These were among the far-reaching proposals Rendell presented yesterday as a way, he said, to restore the "public's trust" after the uproar over the 2005 legislative pay raise, and more recent revelations of lavish legislative bonuses and exorbitant spending by the state's college loan agency.

Things are crazy in Harrisburg right now, with legislators really heeding the call to clean up the way the system works. And now, these proposals will not magically end poverty or something, but they will go a long way to restoring a little bit of trust in State Government.

I also liked this part:

His voice rising, his fist pounding the dais, Rendell said that if lawmakers were true "citizen soldiers," Pennsylvania might finally be able to enact a law halting straw purchases of handguns.

Speaking on a day when Philadelphia recorded its third gun killing in 24 hours, Rendell said that if lawmakers' terms were limited, they might be less fearful of the gun lobby and more likely to support a long-stalled proposal to limit handgun purchases to one a month.

In other words, from the guy who was tried everything- including partnerships with the NRA- the only way we get gun control in Philly is structural reforms in how the system works, to lessen the impacts of special interests. The other ideas- campaign finance, merit selection of judges and others are also things I think are flat out good ideas. (And, if we has merit selections of judges, it would mean Judge Jones, who is about to have to raise millions for a statewide raise, would already be appointed to the Court.)

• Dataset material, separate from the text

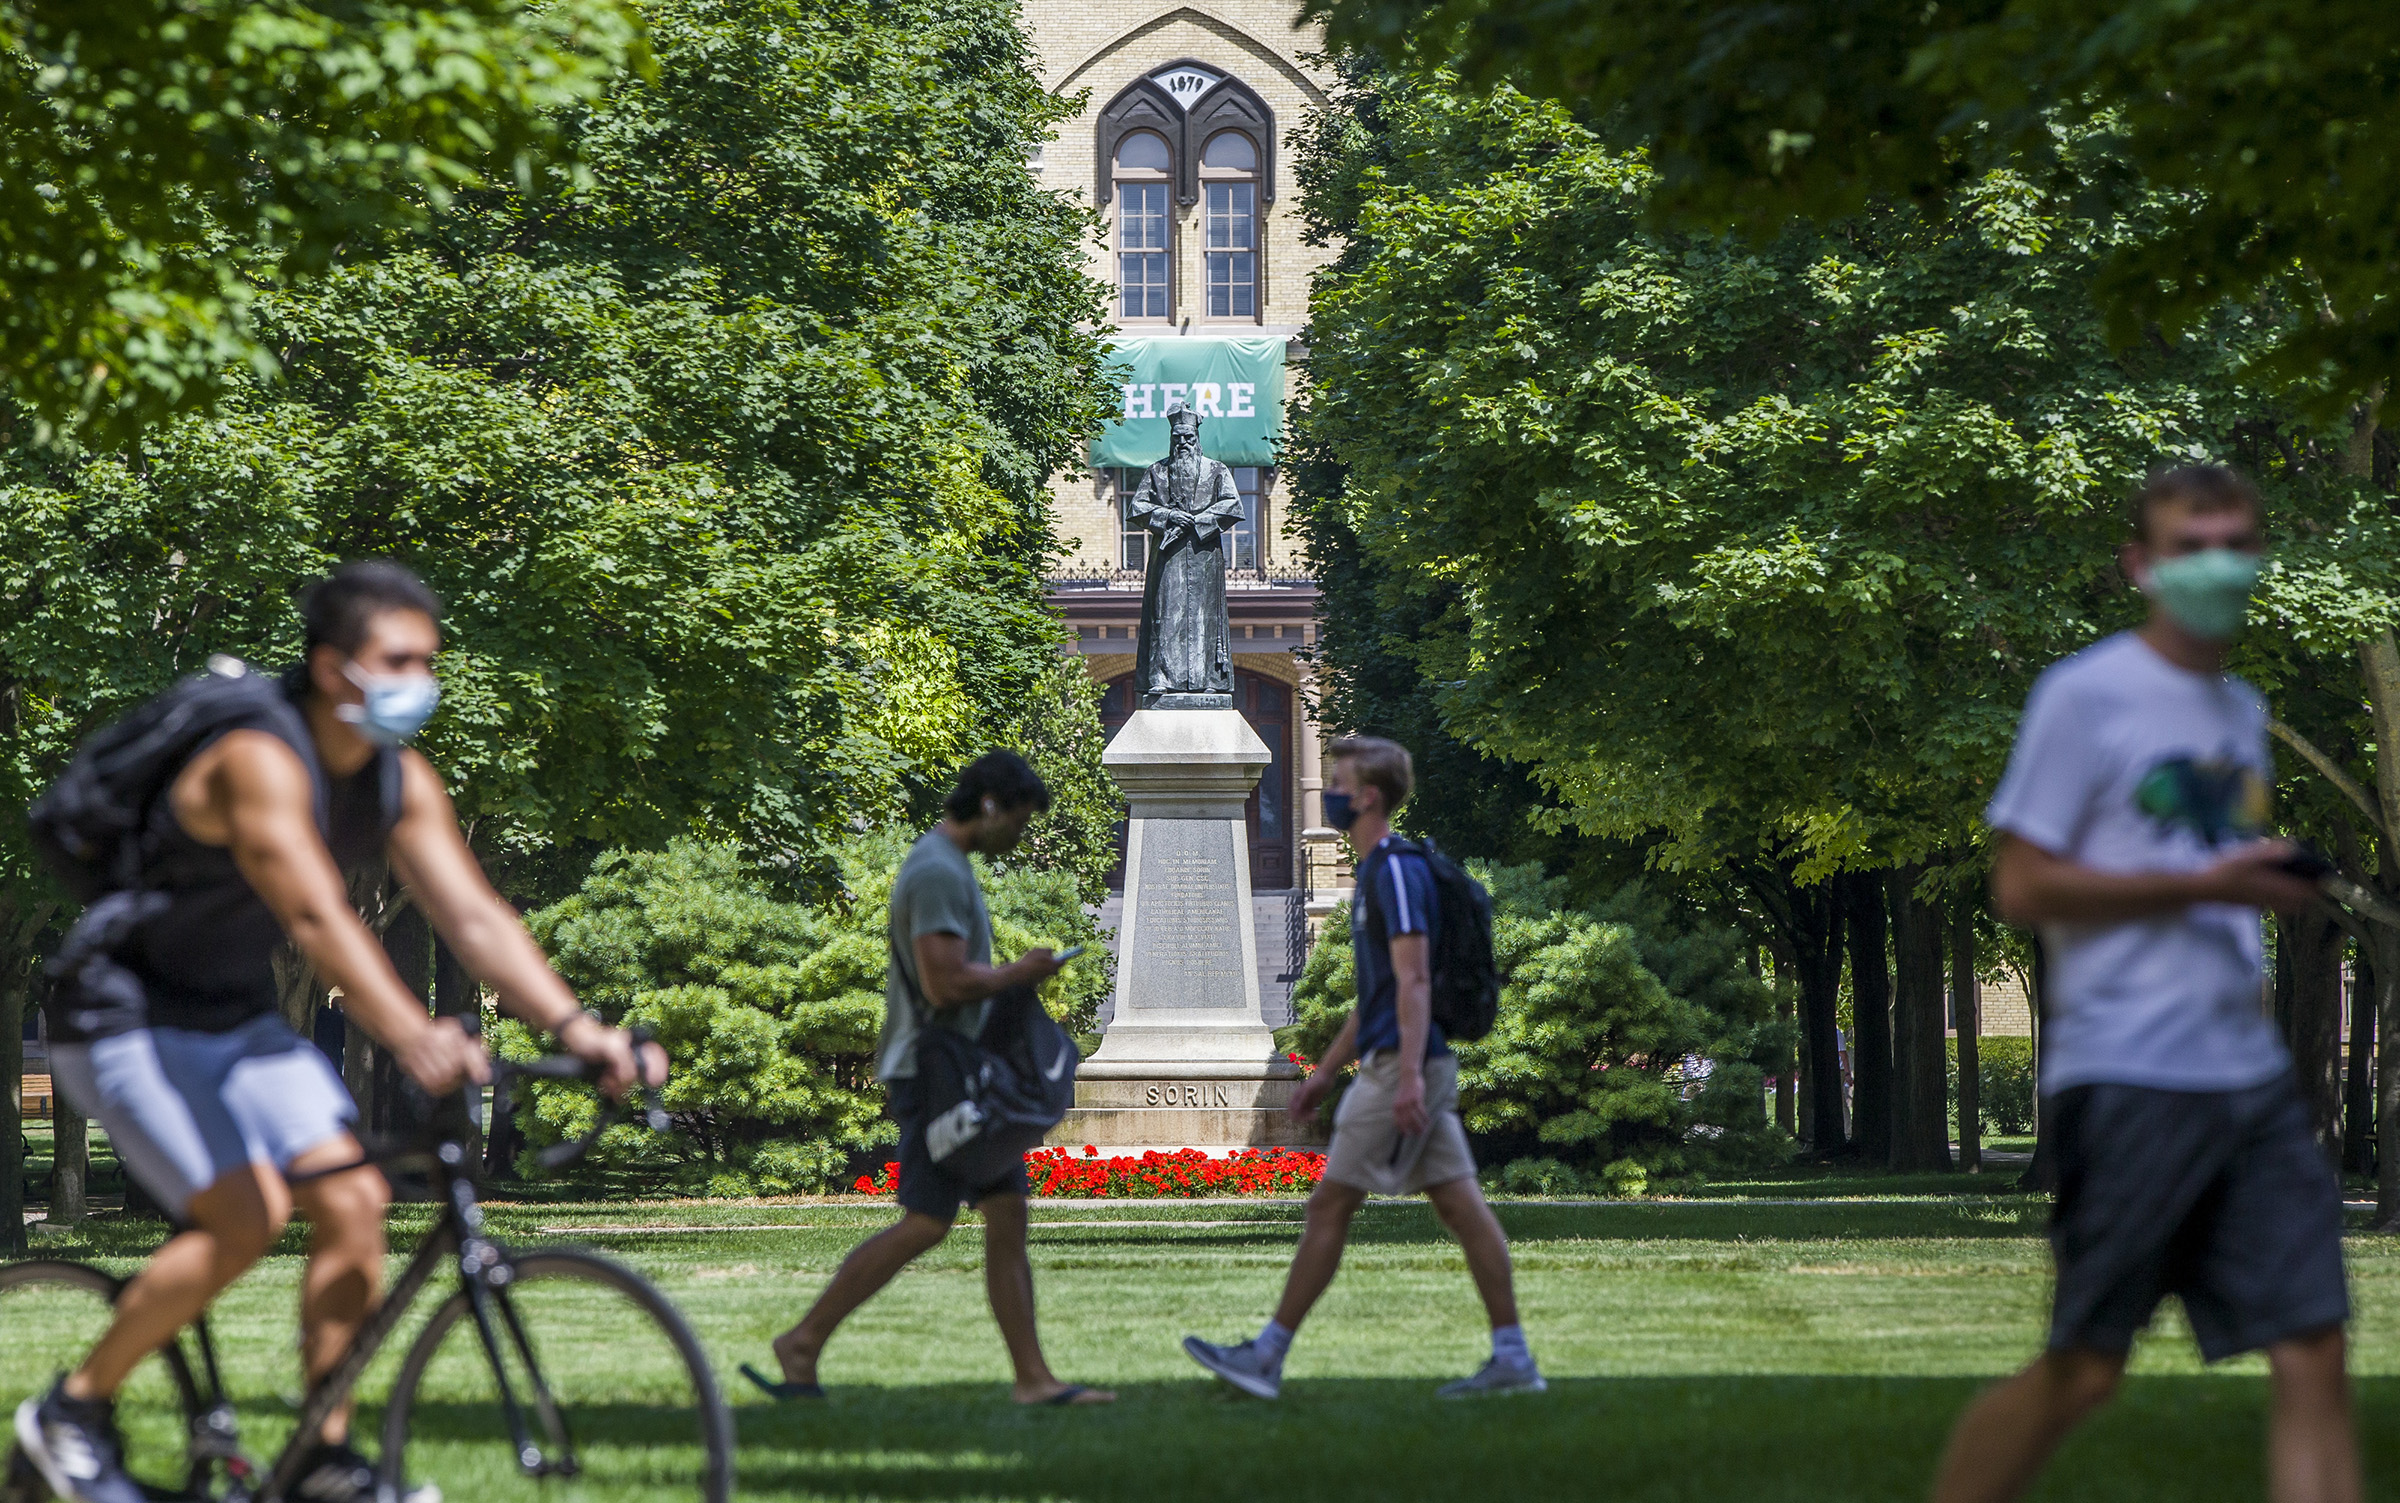 Students return to Notre Dame's campus for the fall semester, in South Bend, Ind. on August 7, 2020. (Robert Franklin—South Bend Tribune/AP)

Consider this: We have some of the worst sunshine laws in the Country. We have zero campaign finance. We force judges to raise seven figures, before they are supposed to be impartial. This is the kind of stuff that if changed would be really positive. (The merit selection of judges, of course, is not going to happen.)

I agree with much of

I agree with much of Rendell's proposal. But, I strongly disagree with shrinking the size of the legislature. I think it will have the opposite effect and will lead to even more difficulty in having as much a democractic process as we should.

Sort of agree

I would leave the Senate the way it is. And, I don't have a problem with the size of the legislature in general, anyway.

But, I would trade shrinking it if, and this is a big if, that money was poured into staffing up the State Reps. They have really small staffs, which I think leads to little creative policy, and having special interests telling you how to vote- since you cannot have read many of the bills anyway.

Either way, I think we get better government if we had more staffers in the State House.

More Staffers

It would certainly go a long way towards plugging Rep. Mark Cohen's argument that state reps can't push political reform and progressive social policy at the same time.

Great comment.

Seriously, I'm sitting here laughing out loud.

I wonder what Rep. Cohen thinks about this????

I'm not sure about shrinking

I'm not sure about shrinking the legislature, and I think nonpartisan elections for judges would be better than no elections at all. But I was particularly impressed by this:

Legislative reapportionment

Creates a nine-member "citizens commission" to draw district lines, with one member appointed by the governor, one by each legislative caucus, and four by the state Supreme Court.

And this:

Most of Rendell's proposals would require amending the state constitution - which means bills must pass the General Assembly in two consecutive sessions and then be placed on the ballot for approval by voters. Rendell wants the proposals to become law by the 2012 election.

Rendell seems to be doing what he wants the legislature to do -- using the leverage of his own term limits to pass the right kinds of legislative reform.

Let's see if it works. Now all Rendell needs to do is drop his plan to raise the sales tax, and I would love him all over again.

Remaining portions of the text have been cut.